Again Wittgenstein is not trying to answer the psychological question of how the mind works when we learn the use of a word or mean something. We would of course expect something to be happening in the eyes and the brain when we “make sense.” However, Wittgenstein wants us to note that a mental event that may be a concomitant to meaning cannot account for the use of a word. Grammar describes the use of a word in language, and there is where the word has meaning. When grammar gets tangled up in psychology we lose the thread of how the word actually operates in language. In the above example, although we may have defined the word blue by pointing to various samples of the color, it is clear that whether someone understands the word is not shown by noting something in the person’s nervous system. Nor can we say that a person’s having a psychological experience is sufficient for demonstrating fluency with a concept. The key to understanding the meaning of a word is being able to use it as we all do. What shows whether a person knows the meaning of the word blue is that they can point to a color sample of blue, pick out a blue object, and so on. There of course may be some psychology involved here, but if our interest is meaning then, for Wittgenstein, the psychology can be bypassed.

Again, a philosophical investigation, for Wittgenstein, is a grammatical one. Such an investigation does not aim at penetrating phenomena but is directed at the possibilities of phenomena—as he indicates in remark 90.6 In other words it may look as if Wittgenstein is interested in our experiences in an empirical or scientific sense. However, with regard to experience he is interested in examining the logic of our language regarding experience—the possibility of making sense. Wittgenstein’s project is to examine the various kinds of statements that we make about phenomena. Some scholars take these ideas regarding phenomena as evidence of a Kantian strain is Wittgenstein’s thinking. Discussing the relationship between Kant and Wittgenstein would be too involved for our purposes here, though we will look at this a little bit in the final chapter. For those versed in modern thought, the interjection of the word phenomena of course brings Kant to mind, and Wittgenstein is certainly discussing the limits of language in a way that is similar to Kant’s discussion of the limits of reason. But, as Rudolf Haller notes, Kant’s intricate epistemology and his interests in grounding science in that epistemology are foreign to the Investigations.7 It is the psychological and epistemological aspects of Kant’s work that is apt to cause the most confusion if applied to the Investigations. As we have noted, Wittgenstein is not building any kind of theoretical apparatus. Wittgenstein’s focus is language and the clearing away of misunderstanding caused by our failure to understand the intricate workings of language.
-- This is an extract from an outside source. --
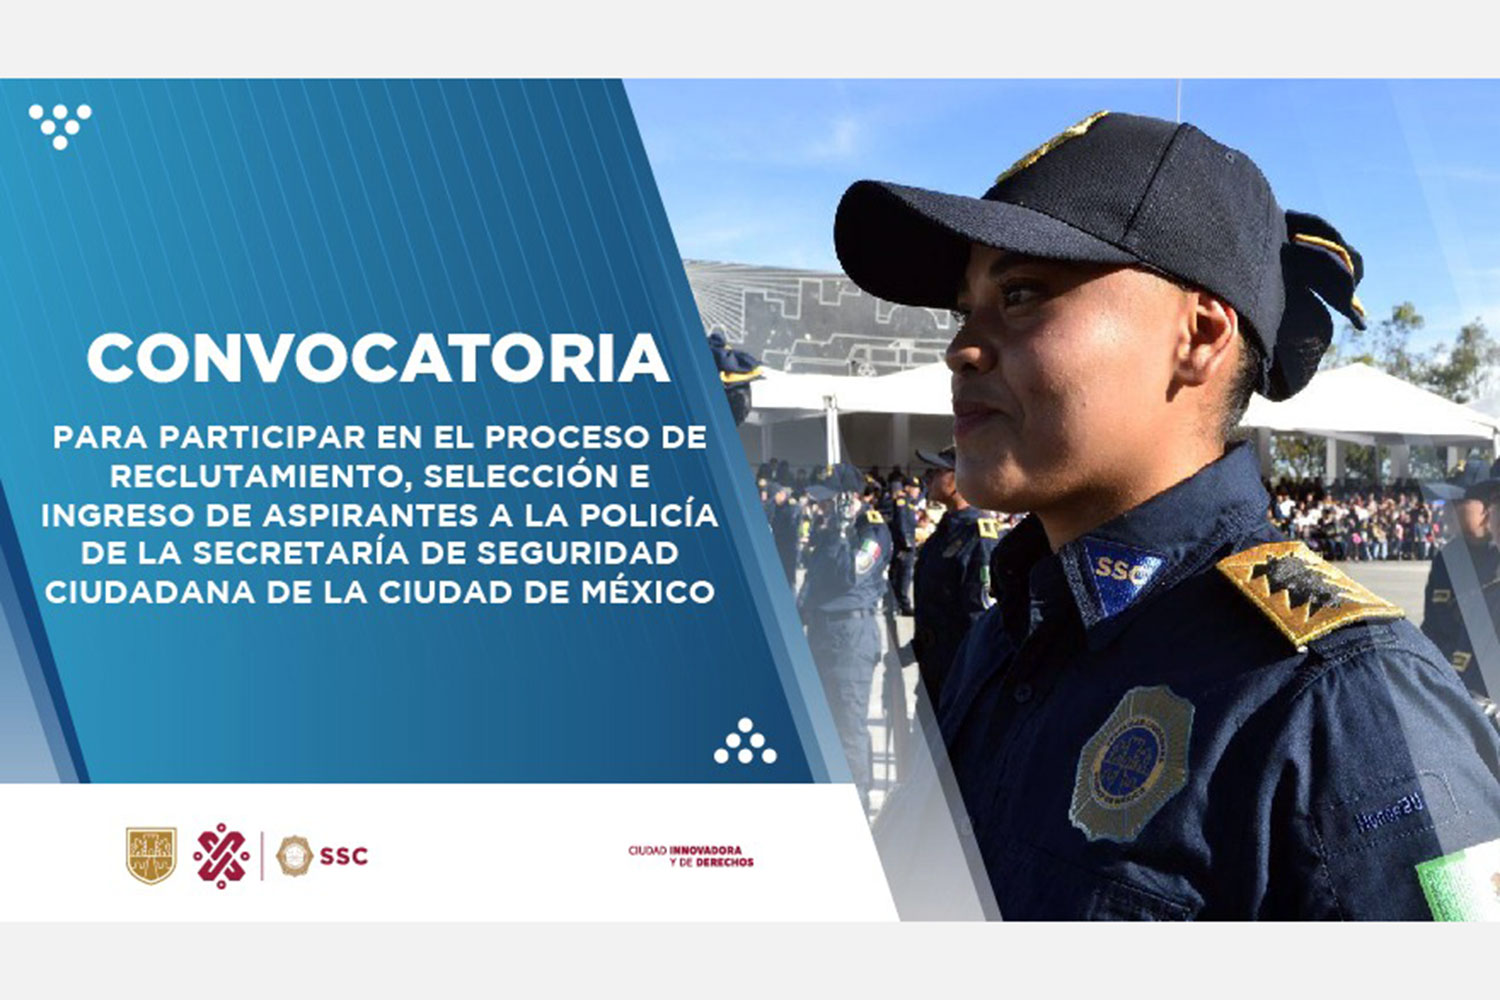 Convocatoria de reclutamiento de la Policía de la Ciudad de México
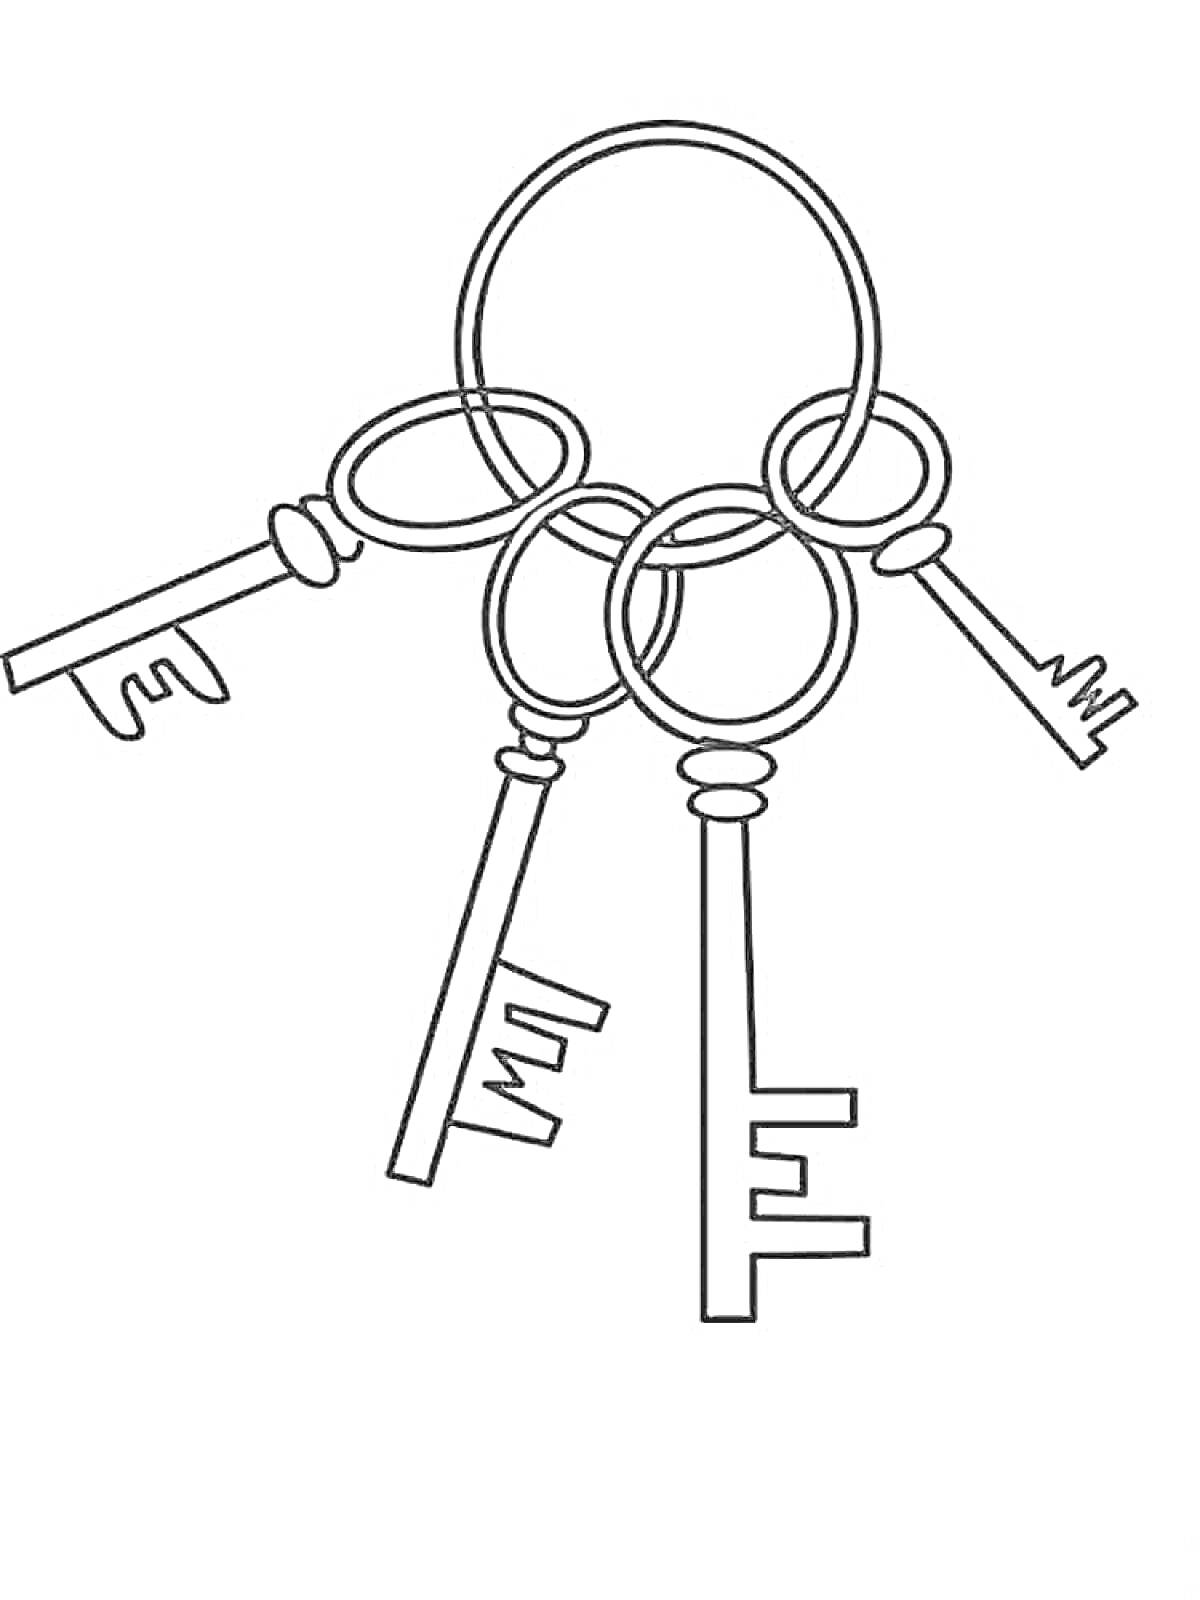 Раскраска Связка из четырёх ключей на кольце

When Wittgenstein speaks here of the “possibilities of phenomena,” I would suggest that this is merely to indicate that his investigation is not directed toward the natural world in a scientific way, but that he is interested in our forms of expression—the language we use and the description of that language. Through grammar we can form many different descriptions of the language of things and events—there are many possibilities in this regard. Some descriptions will be nearer to our actual usage than others. It is Wittgenstein’s intent to note inaccurate pictures and try to dispose of them. This has no bearing on the things themselves. It changes nothing, really, but leaves everything the same. However, we let go of certain illusions conjured up by the complexities of language.

NOTES

1. PI 128.

2. PI 370–371, 373.

3. PI 75.

4. PI 76.

5. Cf. Garth Hallett, Companion, 28-34.

6. Cf. PI 90.

7. Cf. Rudolf Haller, Questions on Wittgenstein (Lincoln: University of Nebraska Press, 1988), 44–56.